Yes. I just didn't want people thinking she was an obnoxious elitist. She's far from it.
She's also the teacher who asked, one morning in September 1987, "So who watched the new Star Trek last night? What did you think?" (Meaning Encounter at Farpoint). Which also gets her cool marks in my book. :)
 
I think the first Star Trek novel I ever read was the Data YA story, The Mystery of the Missing Crew. I was confused because the blurb said Data's ship had a skeleton crew, but the aliens were clearly the skeleton ones!

I did a book report in the sixth grade on John Vornholt's YA novelization of Generations. (It had to be on an Ohio author.)
 
As I said, I'm pretty sure the first ST novel I read was Spock Must Die! (although it's possible that I read a borrowed copy of Mission to Horatius first).

I'm pretty sure the first Star Trek book I read was Blish's Star Trek 9. But the OP specified novels, and that's a single-author anthology of short story adaptations of episodes.

I will also note that the second published ST novel that wasn't a children's book, Spock: Messiah, was the very first ST novel that had sex scenes.

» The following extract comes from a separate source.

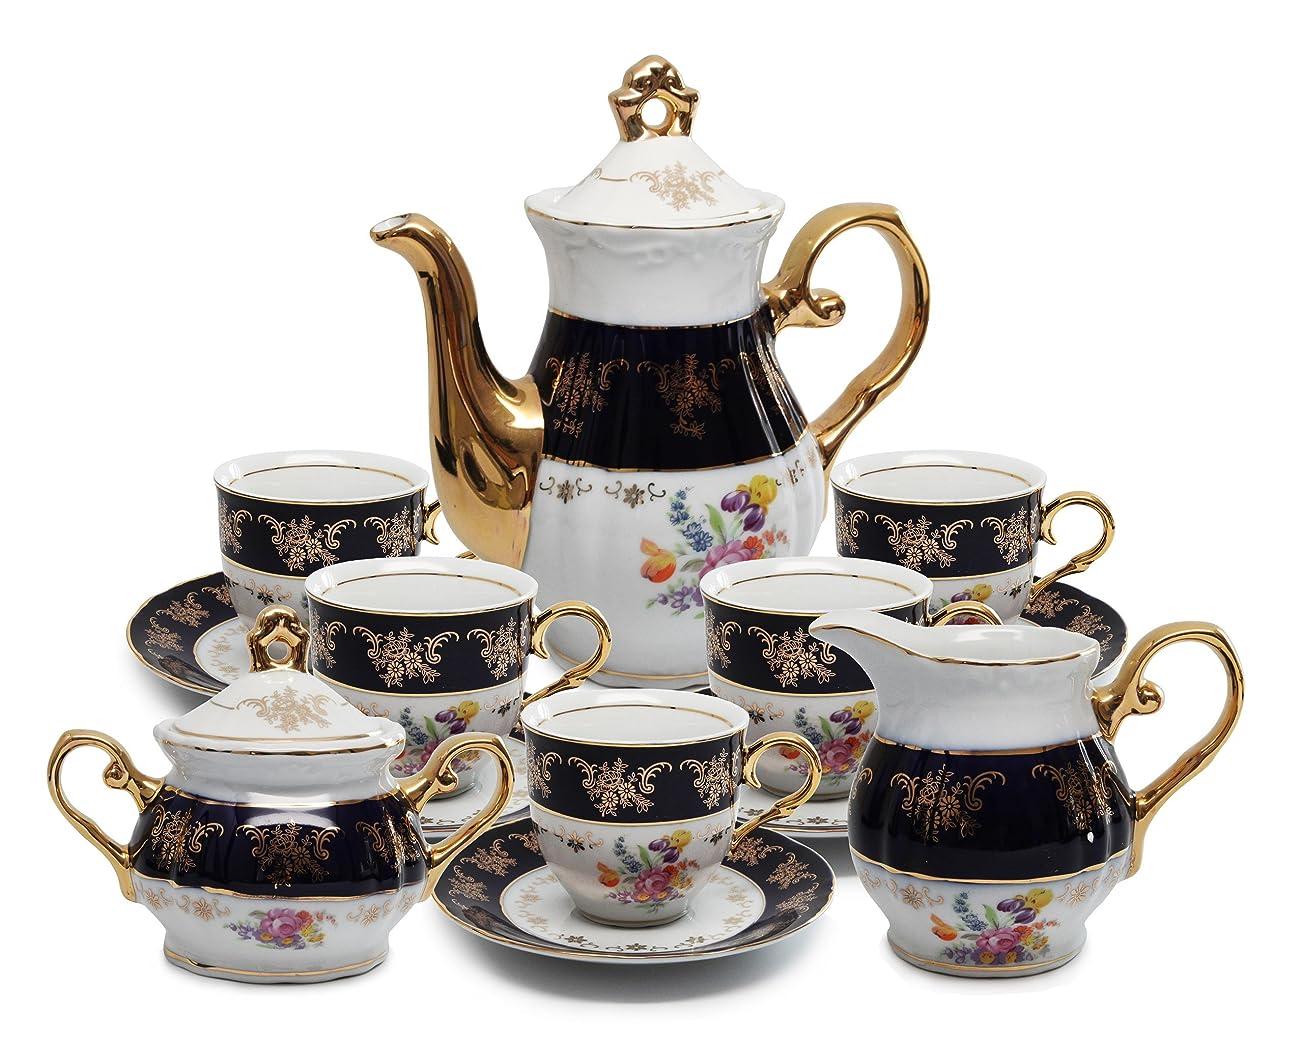 Royal Porcelain 17pc Flower-Patterned Dark Blue Tea Set, 24K Gold-Plated Original Cobalt Tableware, Service for 6 0

Of course, Cogswell and Spano left everything to the imagination; it wasn't like the sex scenes in When HARLIE Was One. It was more like (Ensign George, speaking of an encounter with Spock, while they were both under the influence of implants linking them telepathically to locals, Ensign George to a nymphomanic prostitute and Spock to a crazy cult leader) "We took off our clothes and made love."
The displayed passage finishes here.